> **YOUR TASK**: Nothing but the text belongs in the answer: the listing below, copied exactly, without pictures.

> **INPUT DATA**:
________________________________________

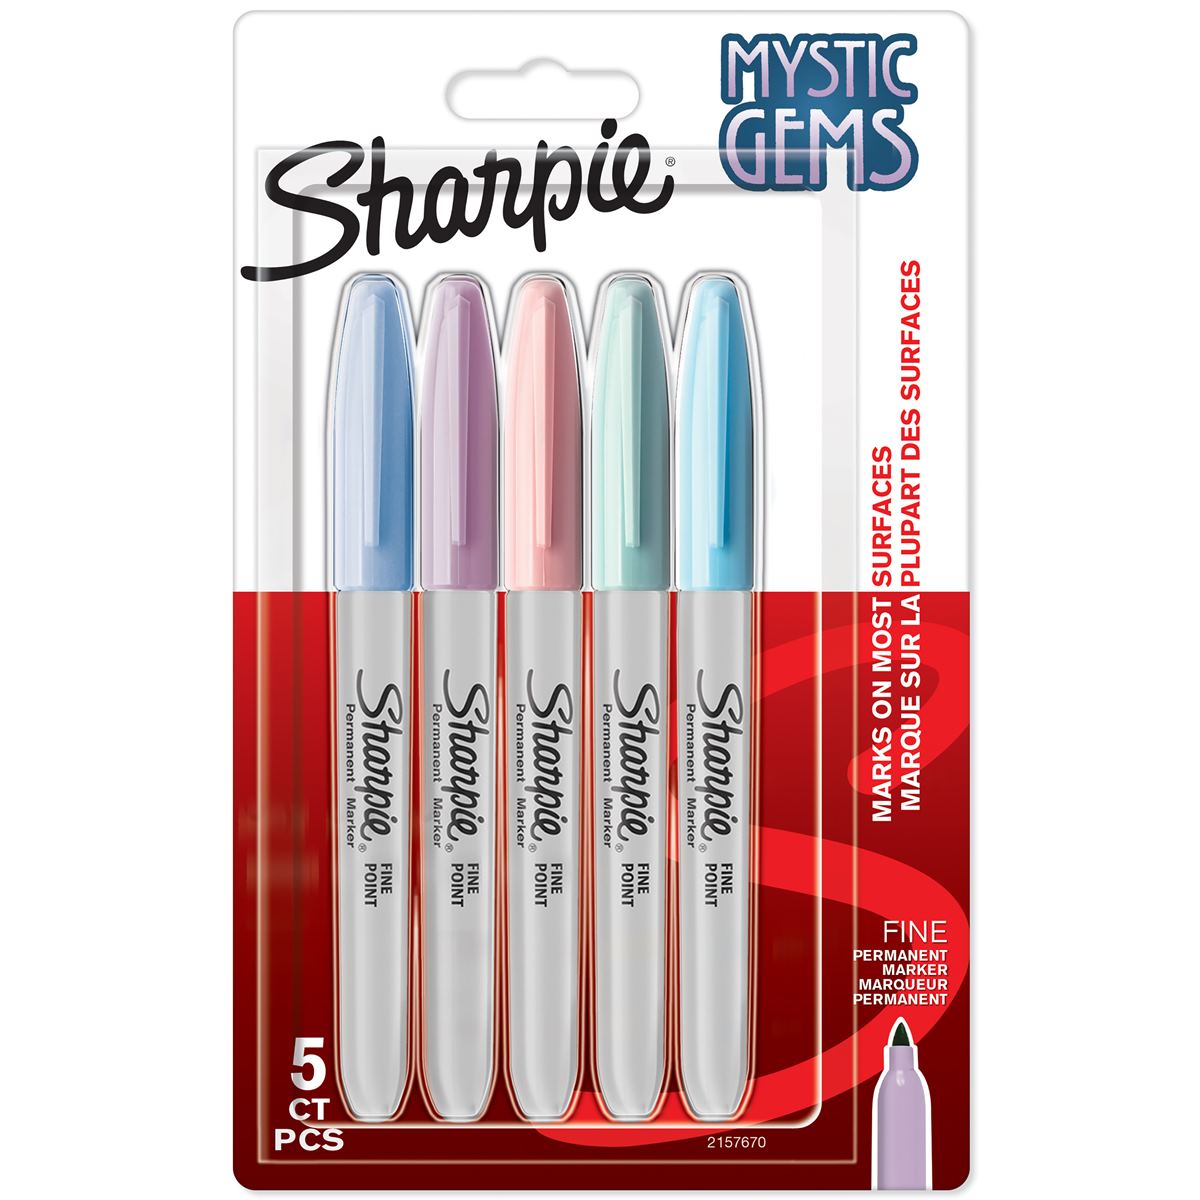 Sharpie Permanent Markers Special Edition Mystic Gems - Pack of 5
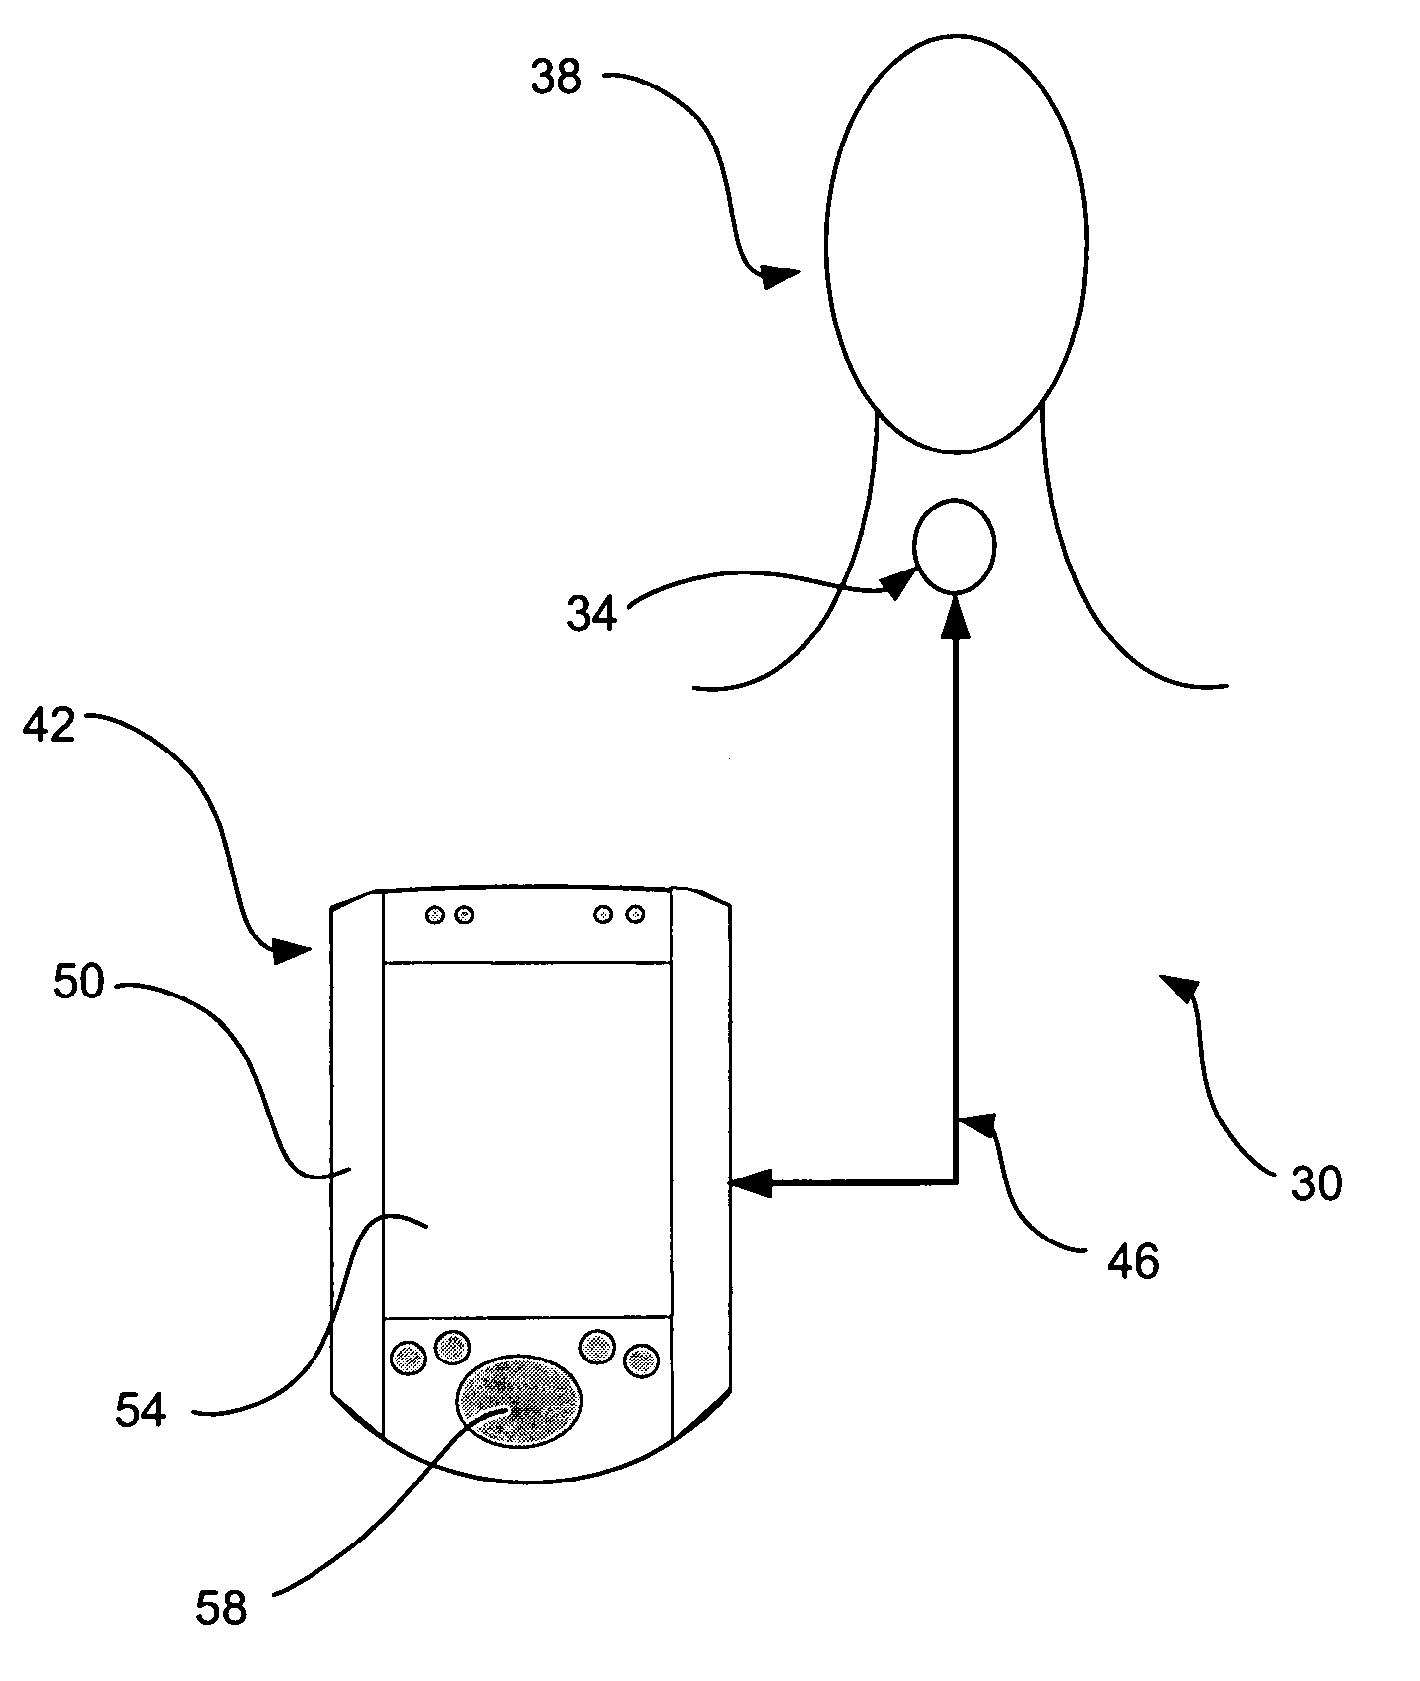 Apparatus and method for detecting aspiration
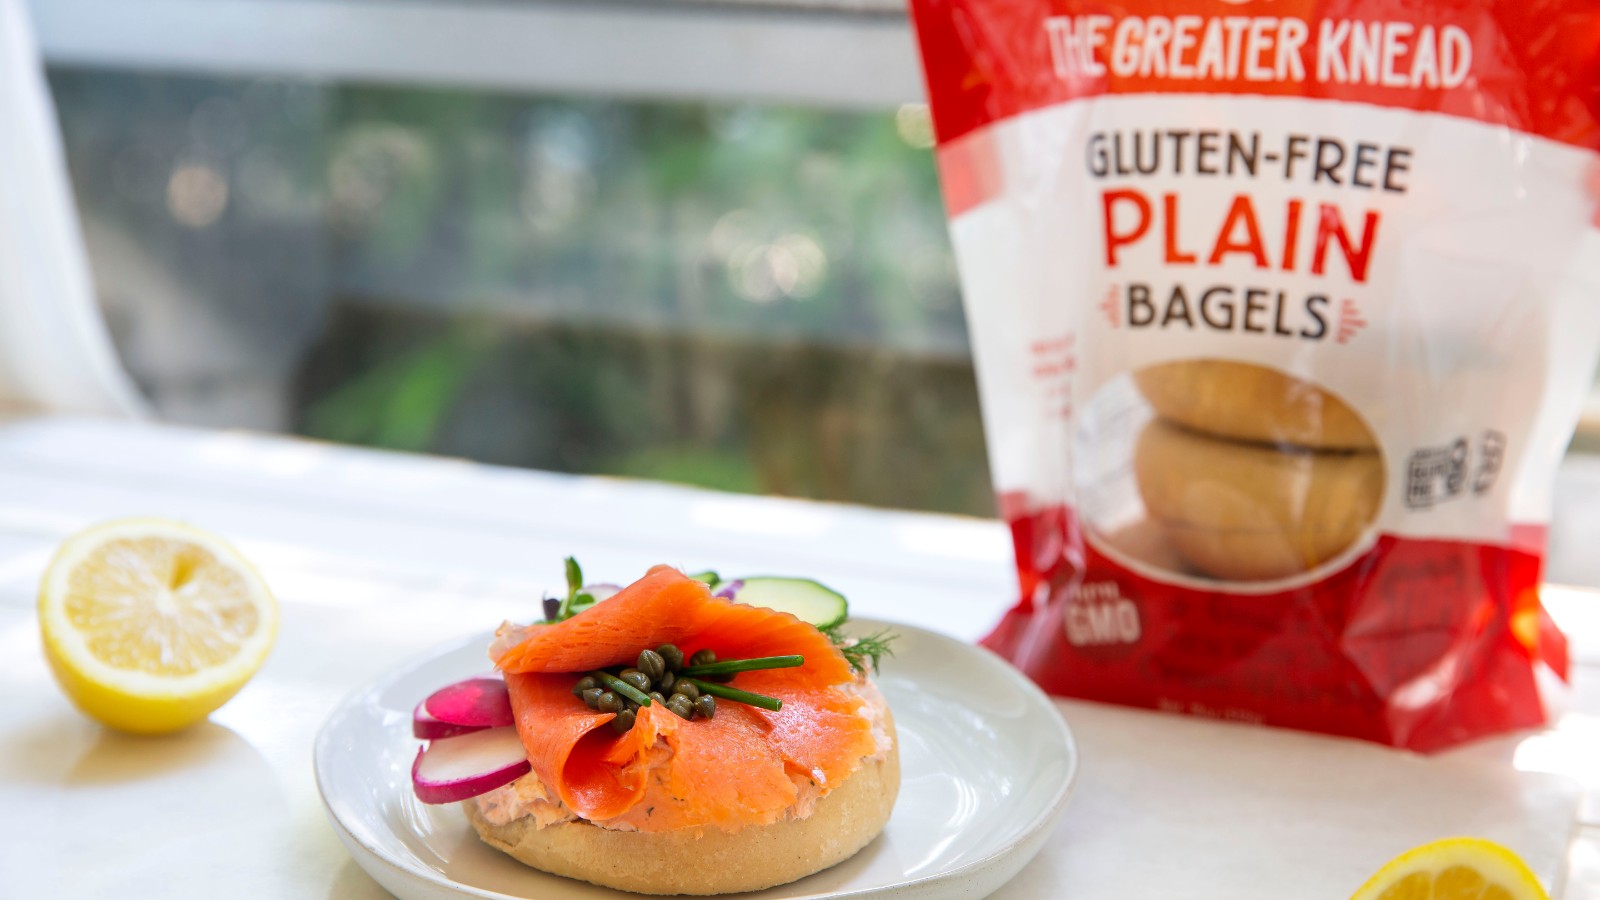 Image of Gluten Free Bagels with Smoked Salmon Schmear

________________________________________

> **TASK RESPONSE**:
 Sharpie Permanent Markers Special Edition Mystic Gems - Pack of 5
 Apparatus and method for detecting aspiration
 Image of Gluten Free Bagels with Smoked Salmon Schmear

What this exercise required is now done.